The clothing, including a pair of boots thought to have belonged to Queen Victoria, was presented to royal warrant-holder Alexander Lamont Henderson.
A skirt, bodice and bloomers owned by Queen Victoria have fetched more than £16,000 at auction – more than a century after they were handed to a royal photographer.
The clothing, including a pair of boots thought to have belonged to the monarch, was passed down the generations after being presented to royal warrant-holder Alexander Lamont Henderson, and was sold by his great-great grandson Roderick Williams.
Derbyshire-based auction house Hansons sold off the “almost complete” outfit on Tuesday with the boots and a black taffeta skirt smashing their guide prices to go for £4,000 each.
Another pair of boots sold for £2,000, two Victorian bodices worn by the monarch went for £4,000 and a pair of silk and wool cream stockings sold for £1,400.
A pair of Queen Victoria’s bloomers fetched £650, while a cream silk parasol completed the set by selling for £520 – bringing the total sale up to £16,570.
The whole set sold for a similar price to a pair of Queen Victoria’s bloomers, a chemise, and a nightdress sold by Hansons a decade ago.
Charles Hanson, owner of the auctioneers, said: “As an auctioneer it’s always wonderful to handle living history. In a turbulent world, we can look back at one of our greatest monarchs.
“Victoria was queen from 1837 to 1901 and had a deep impact on her country. Her leather ankle boots show how dainty and narrow her feet were.
“They are around a size four and the design paved the way to the Chelsea boot.
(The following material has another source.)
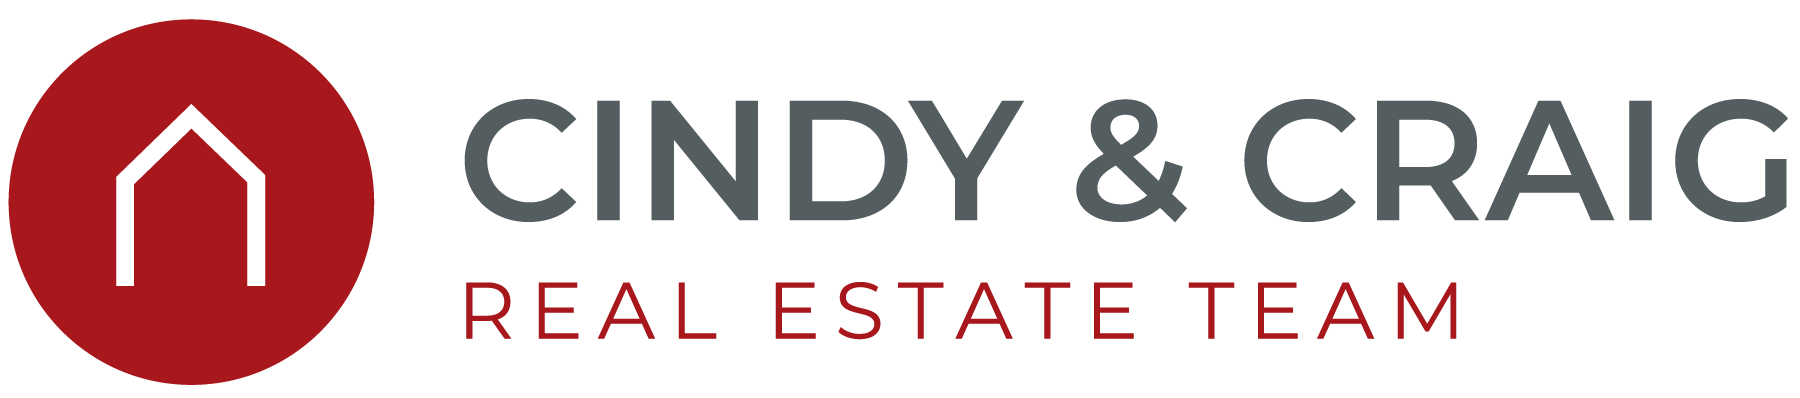 Cindy & Craig Real Estate

The makers, J Sparks-Hall of London, claimed she wore their boots daily.”
Speaking about the items before they went on sale, Mr Williams, an electrical engineer from Coltishall, near Norwich, said: “Queen Victoria’s clothing and boots are family heirlooms which were originally given to my great-great grandfather, Alexander Lamont Henderson.
“He worked as a royal photographer for Queen Victoria up to her death in 1901 and we think the clothes were probably given to him by servants in the royal household, perhaps in return for taking photographs of them.”
Mr Williams, 63, added: “We think Alexander caught Queen Victoria’s attention thanks to his experimental colour work with glass plate lantern slides and enamels.
“She commissioned several coloured enamel pictures. These included portraits of her husband Prince Albert and her Scottish attendant John Brown plus views of the Royal Mausoleum at Frogmore.
“When my great-great grandfather died in 1907, the clothing was passed down through the generations. It’s been kept in a wardrobe. I’m selling it now as I need to make some space.
“However, I’m not parting with Alexander’s glass plate negatives and enamel pictures which are of a very high quality. He was an extremely talented photographer.”